Exercise objective.
Down to the last line, reproduce the data that follows, but skip the pictures.

Data block.
────────

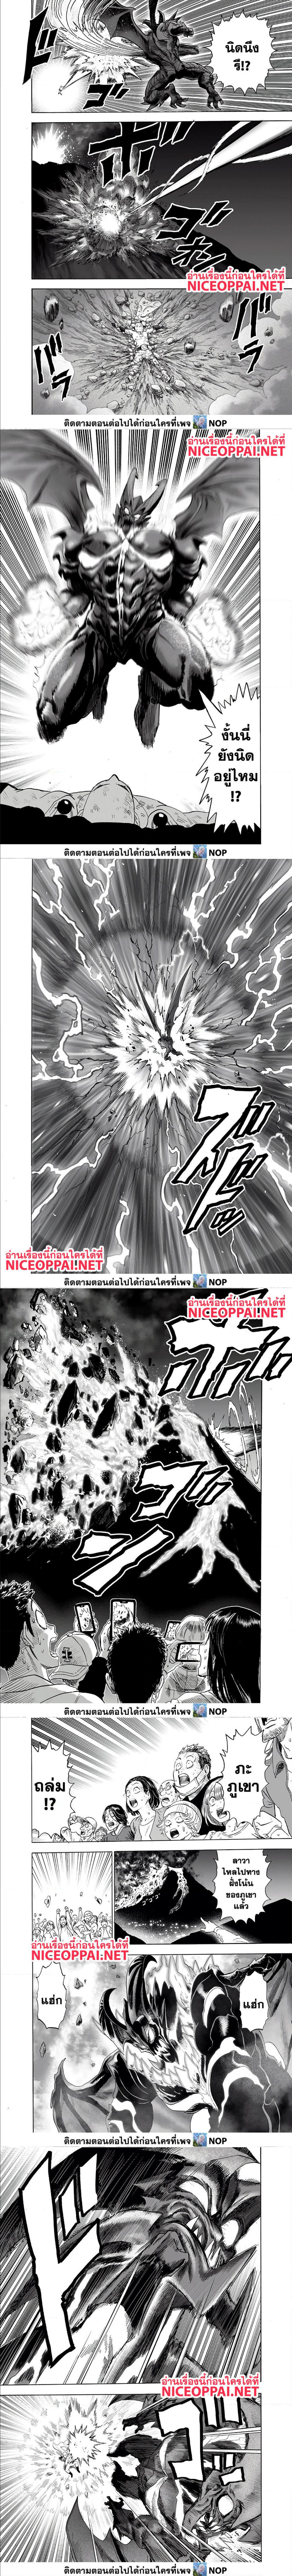 One Punch Man 163 (9)
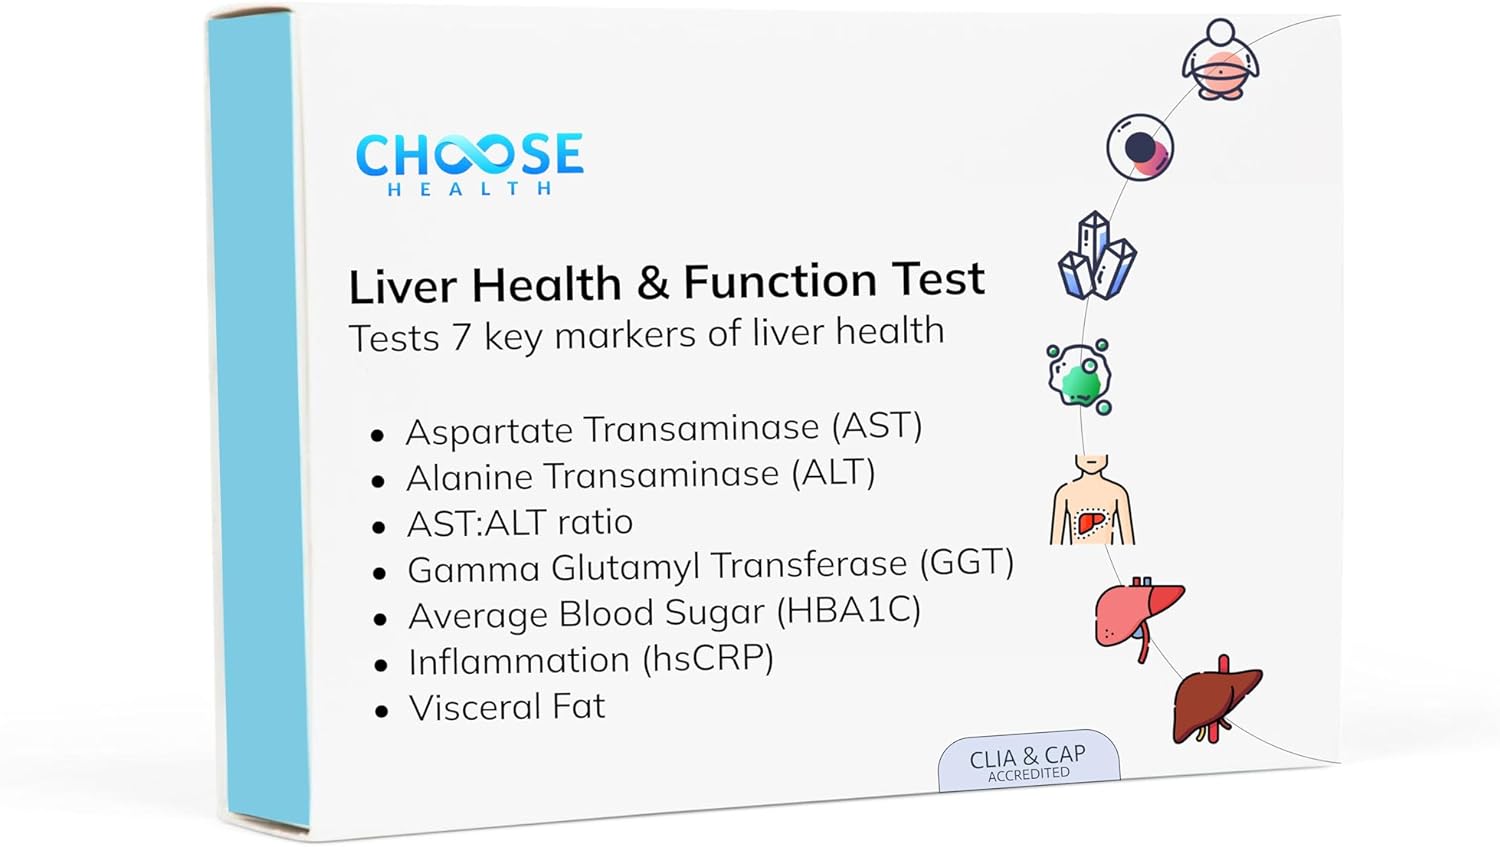 Choose Health 7-in-1 at-Home Liver Health Test | Test and Track Liver Function  Health | AST | ALT | GGT | Blood Sugars | Inflammation and More | Not Avail in NY RI
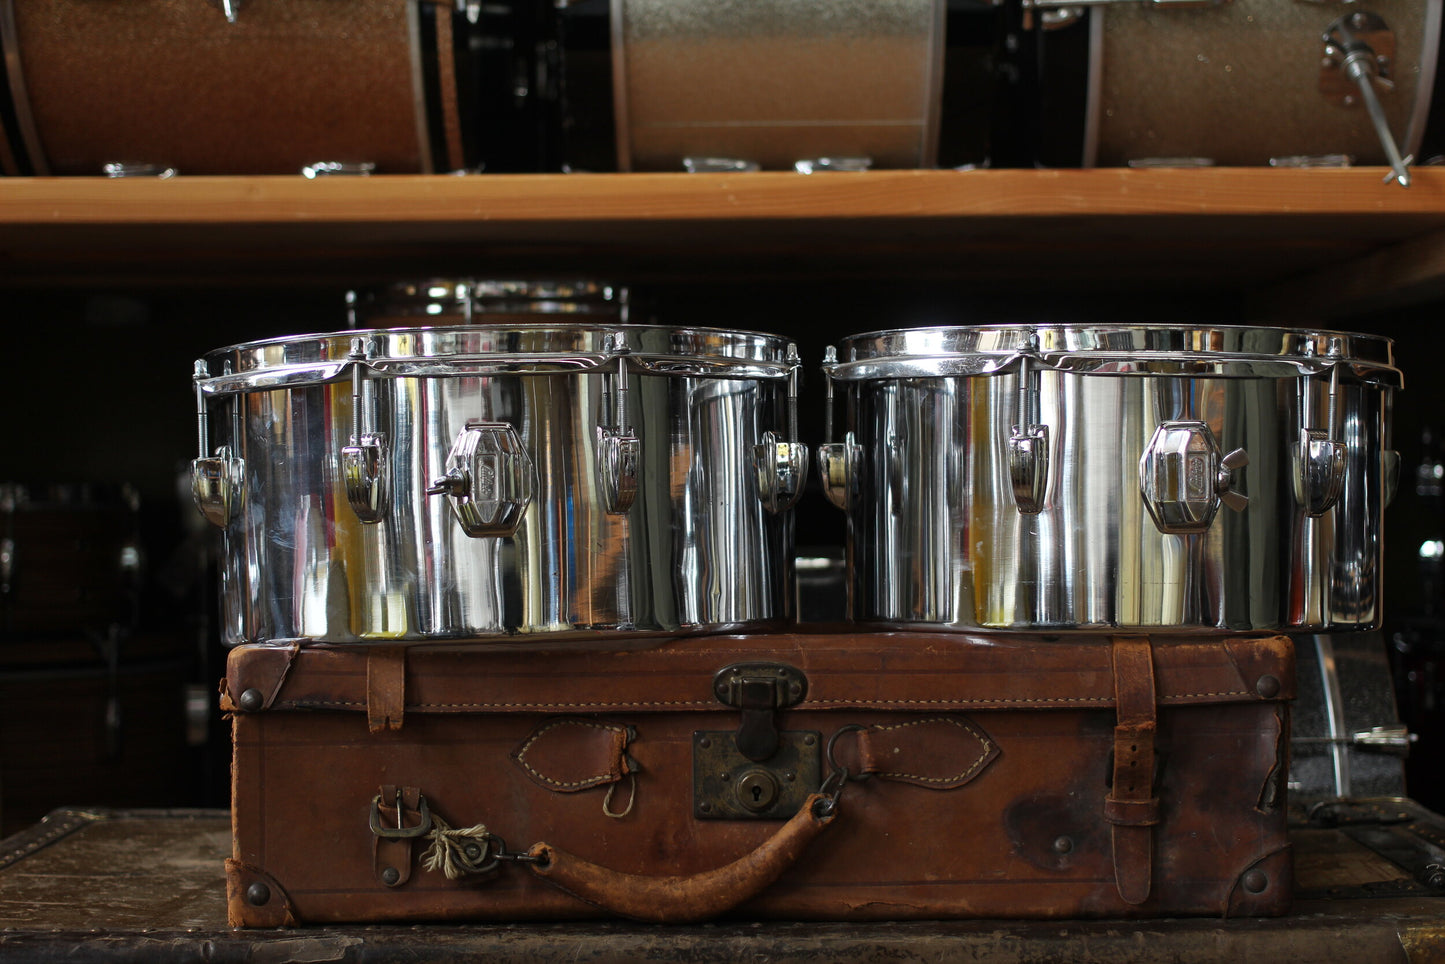 1968 Ludwig "Carioca" Outfit 14x22 16x16 w/ 13" & 14" Timbales
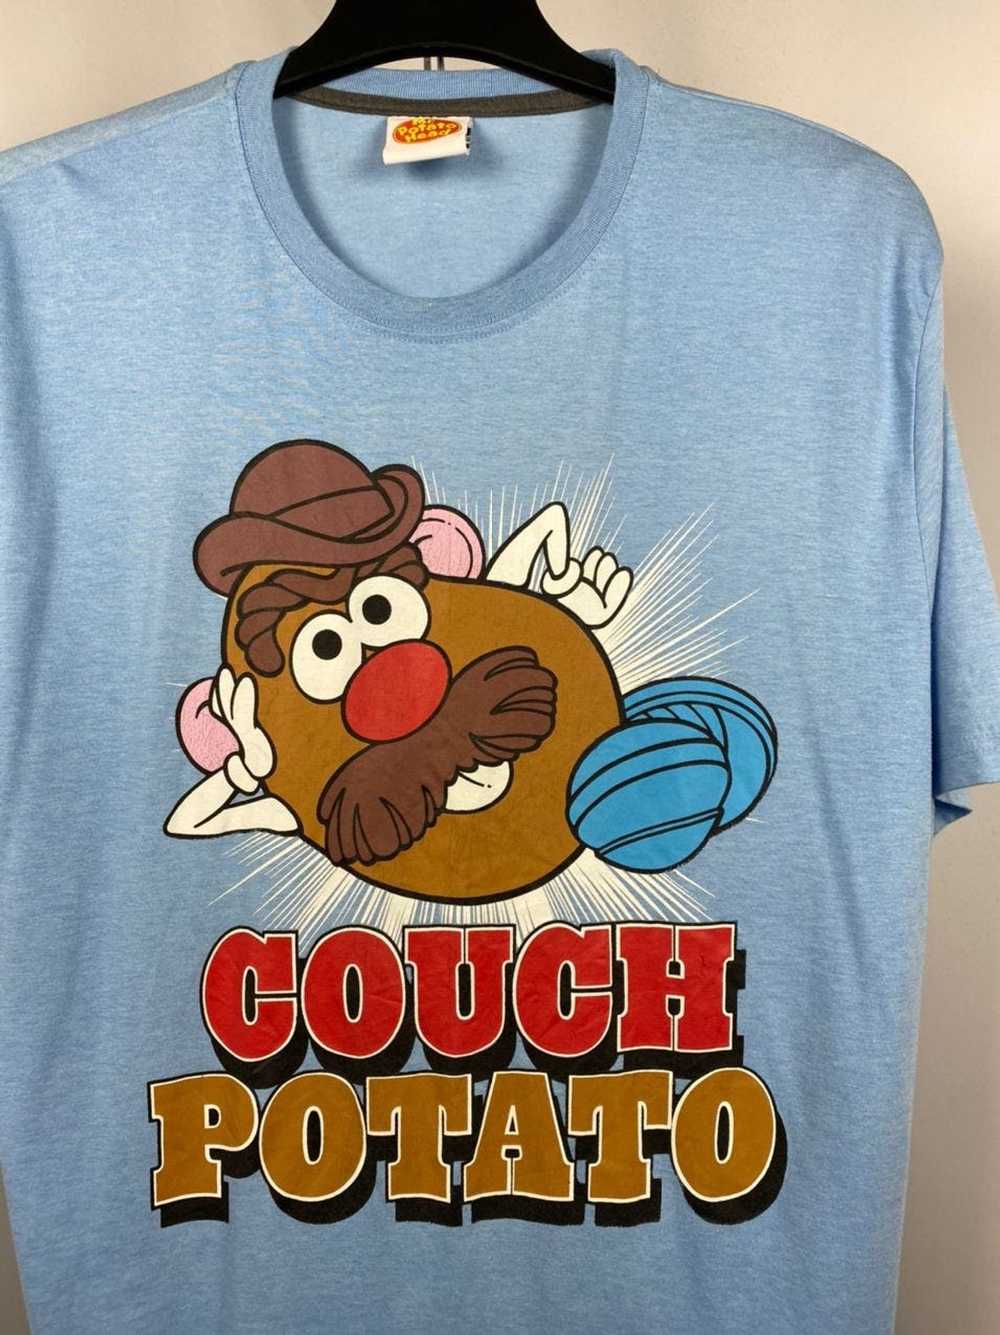 Band Tees × Movie × Vintage Mr. couch potato vint… - image 2

────────

Solution for this problem.
 One Punch Man 163 (9)
 Choose Health 7-in-1 at-Home Liver Health Test | Test and Track Liver Function  Health | AST | ALT | GGT | Blood Sugars | Inflammation and More | Not Avail in NY RI
 1968 Ludwig "Carioca" Outfit 14x22 16x16 w/ 13" & 14" Timbales
 Band Tees × Movie × Vintage Mr. couch potato vint… - image 2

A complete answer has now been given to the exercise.